One of the visual elements that will be required for the upcoming review paper is an image showing the pathway from the nasal cavity to the brain. Therefore, Gill wanted to produce a broadly anatomical image of the human head that could then be used as a background for additional annotation, to show the possible pathways. Using an anatomical model as the reference image for the Illustrator drawing (shown below) gave a necessarily simplified representation of the human head.
This simplified representation made it easier for Gill to make the drawing as a series of separate elements, which fit together like the pieces of a jigsaw. This is in contrast to the completely anatomical image of the human brain (described in this blog post) where many of the elements overlapped, or were dependent on the presence of elements in other Illustrator layers, in order to create the correct final image.
Creating this ‘jigsaw’ image then made it straightforward to remove elements, change their appearance, or swap in coloured, or more anatomical, versions of selected elements. Additional elements or annotation could also be added. For example, it could be useful to overlay representations of the olfactory or trigeminal nerves. Some variations of the anatomical head are shown below.

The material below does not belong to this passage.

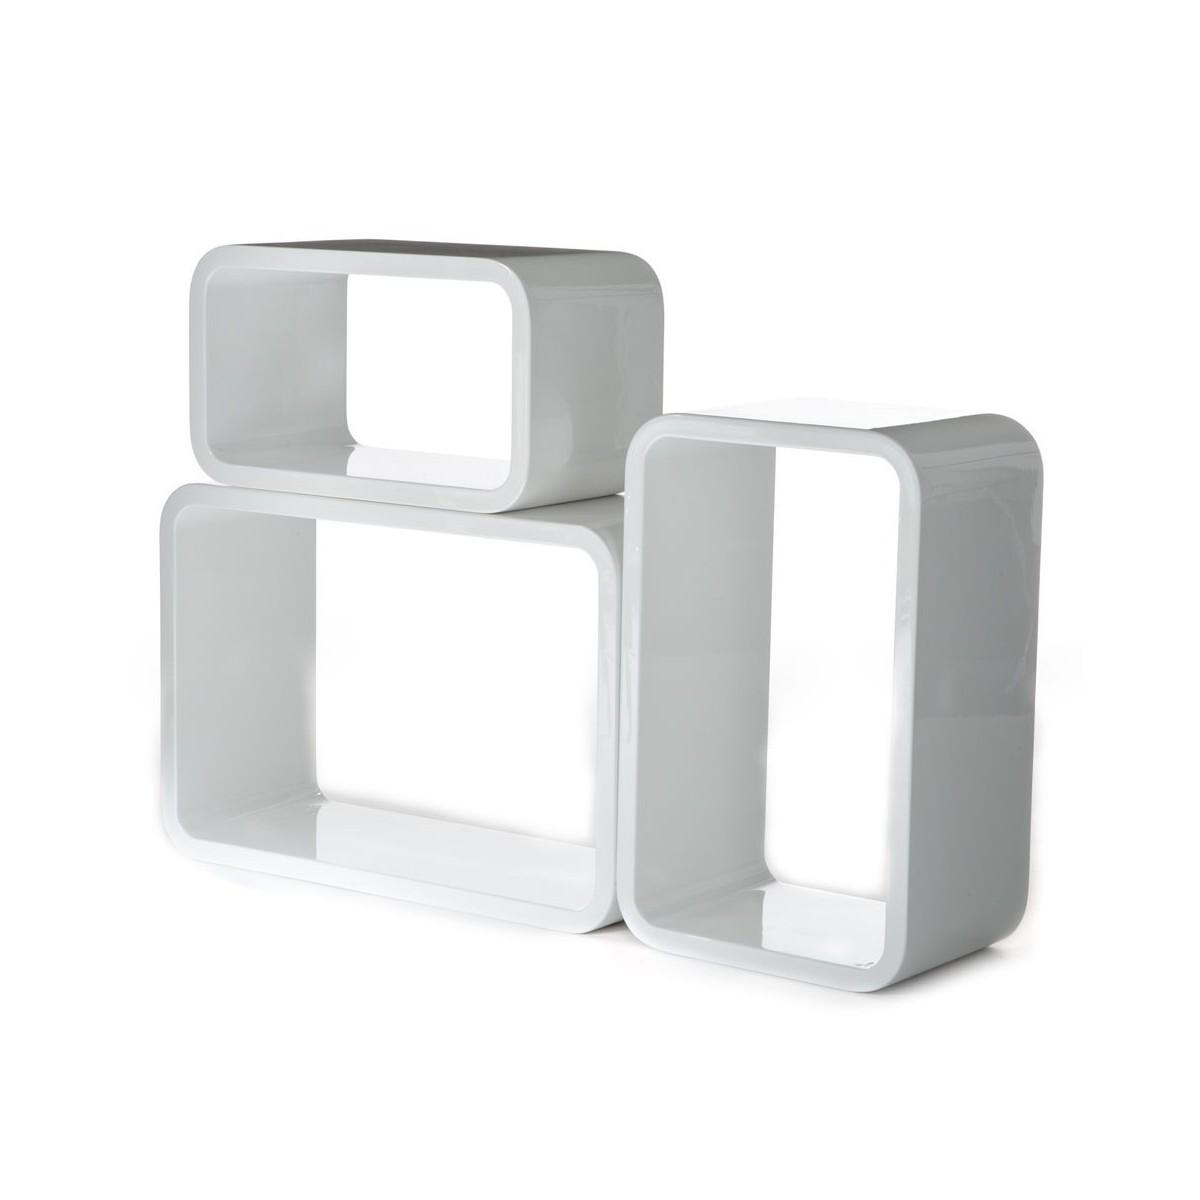 Set 3 cubi kuadra da parete mensole rettangolari per arredo for Cubi mensole

This approach could be used for any figures that need to represent anatomical elements, but where a simplified or more diagrammatic representation of the anatomy is sufficient. A baseline image could contain all of the anatomical elements, or elements could be supplied as separate files, and they could then be removed, added, edited or customised to give the required image.
Creating the baseline images so that they can work like a jigsaw does take some time and effort, but the flexibility that this approach provides should make the effort worthwhile. It would also help the department produce more consistent conceptual figures, in terms of their appearance, if the same baseline images are being used as starting points for different conceptual figures. The possibilities of using these kind of images will be discussed in the upcoming workshops.
Gill will continue to experiment with this approach for other images, starting with the hypothalamus and pituitary gland in humans, followed by the nasal cavity and brain of rats.